Hematopoietic stem cells (HSCs) are responsible for sequential lineage commitment to generate all cell types in the blood, and this commitment is controlled by an interactive network of transcription factors and epigenetic regulators [1-3]. Components of the Polycomb Repressive Complex (PRC) 1, such as Bmi1, Mel18, and Ring1a/b, are important epigenetic regulators of HSC maintenance [4-7] and are critical for both normal and pathological hematopoiesis [8-10]. These Polycomb group (PcG) proteins repress gene expression, at least in part, via histone H2A ubiquitination (ubH2A) [7,11], which is thought to contribute to transcriptional repression by inhibiting transcription initiation [12] or restraining RNA pol II from elongation [13]. In the nucleus, PRC1 is the main H2A ubiquitin ligase, and the steady-state level of ubH2A is governed by the balance between PRC1 and H2A deubiquitinases, which are also involved in cell cycle progression, X chromosome inactivation, DNA damage repair, and cancer [14-16].

MYSM1 was recently identified as a histone H2A deubiquitinase, and its activity was initially described in the activation of several AR-regulated target genes in prostate cancer cells [17]. We and other independent groups have observed an essential role for MYSM1 in bone marrow hematopoietic development and lymphocyte generation in both MYSM1 knockout mice [18-23] and patients with MYSM1 mutations [24,25]. However, MYSM1−/− mice are generated from heterozygous pairings at less-than-expected Mendelian ratios.
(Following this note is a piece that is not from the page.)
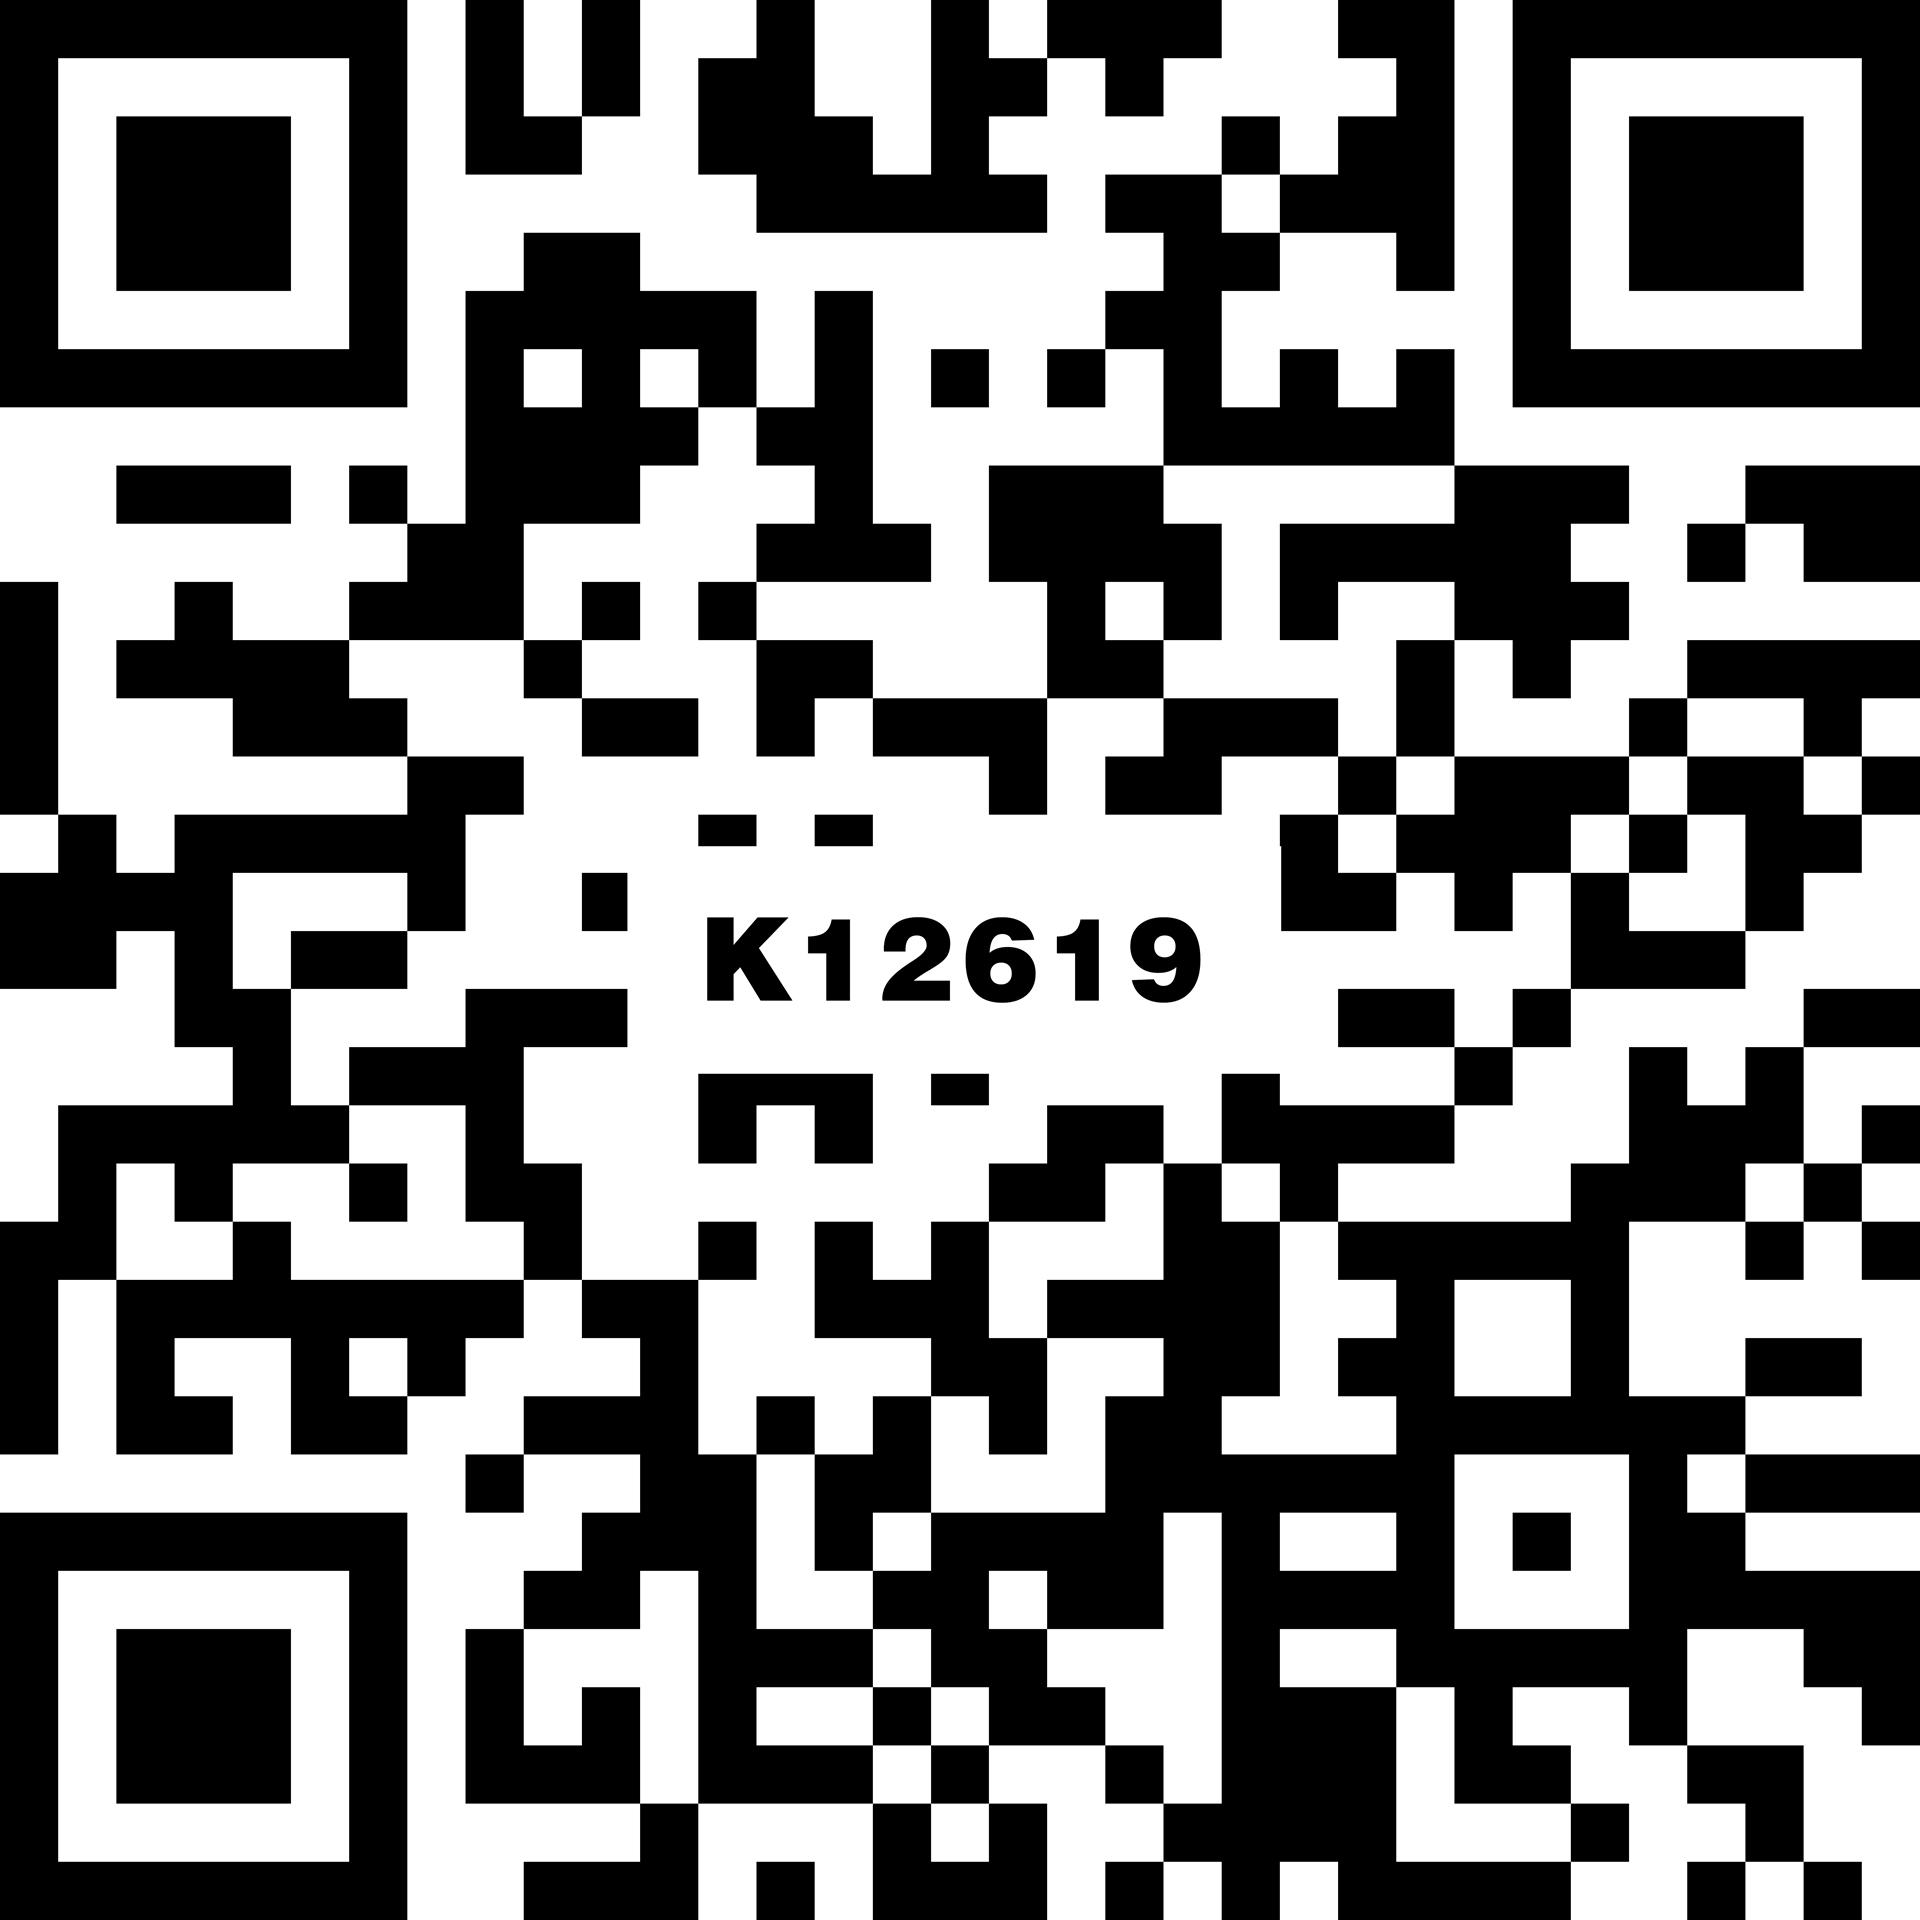 K12619

In addition to partial embryonic lethality, conventional MYSM1 knockouts result in multiple organ defects and growth retardation, which has limited the functional study of HSCs.

In the present study, we generated a MYSM1 conditional knockout (cKO) allele to study MYSY1 function in adult hematopoiesis using Vav1-cre. MYSM1 cKO mice were born at roughly Mendelian ratios. We found decreased bone marrow cellularity and abnormities in HSCs and their progenitors in cKO mice. We discovered that cKO mice could not maintain HSC quiescence, and we observed accelerated cell proliferation in cKO HSCs. Additionally, we discovered impaired engraftment, elevated ROS levels, and a high apoptosis rate in cKO HSCs. Our study shows that MYSM1 is required for maintaining HSC quiescence and survival.

Material and Methods

Mice

Floxed MYSM1 mice were generated as previously described [18,20]. (B6.Cg-Tg(Vav1-cre)A2Kio/J) mice were purchased from Jackson Laboratories (Bar Harbor, ME, USA) and were crossed with the floxed mice to create MYSM1 cKO mice. Mysm1-wild-type but Vav1-cre-positive animals were used as control mice. Mice were housed in specific-pathogen-free facilities, and all experiments were performed in accordance with the guidelines of the Fourth Military Medical University Institutional Animal Care and Use Committee.

Genotyping

Genomic DNA was isolated from mouse BM using the Qiagen DNeasy Blood and Tissue kit following the manufacturer’s instructions (cat#69504). Primer sequences for polymerase chain reaction (PCR) amplification of the MYSM1 floxed and cKO alleles were MYSM1 LoxP forward_1 5′-GCATGTTCCAGAAGAGGTATAAGG-3′, MYSM1 LoxP forward_2 5′-TGGATAGCACCATCAGTGATG-3′, and MYSM1 LoxP reverse 5′-CGCAGAATACGCAGTTTGTTG-3′.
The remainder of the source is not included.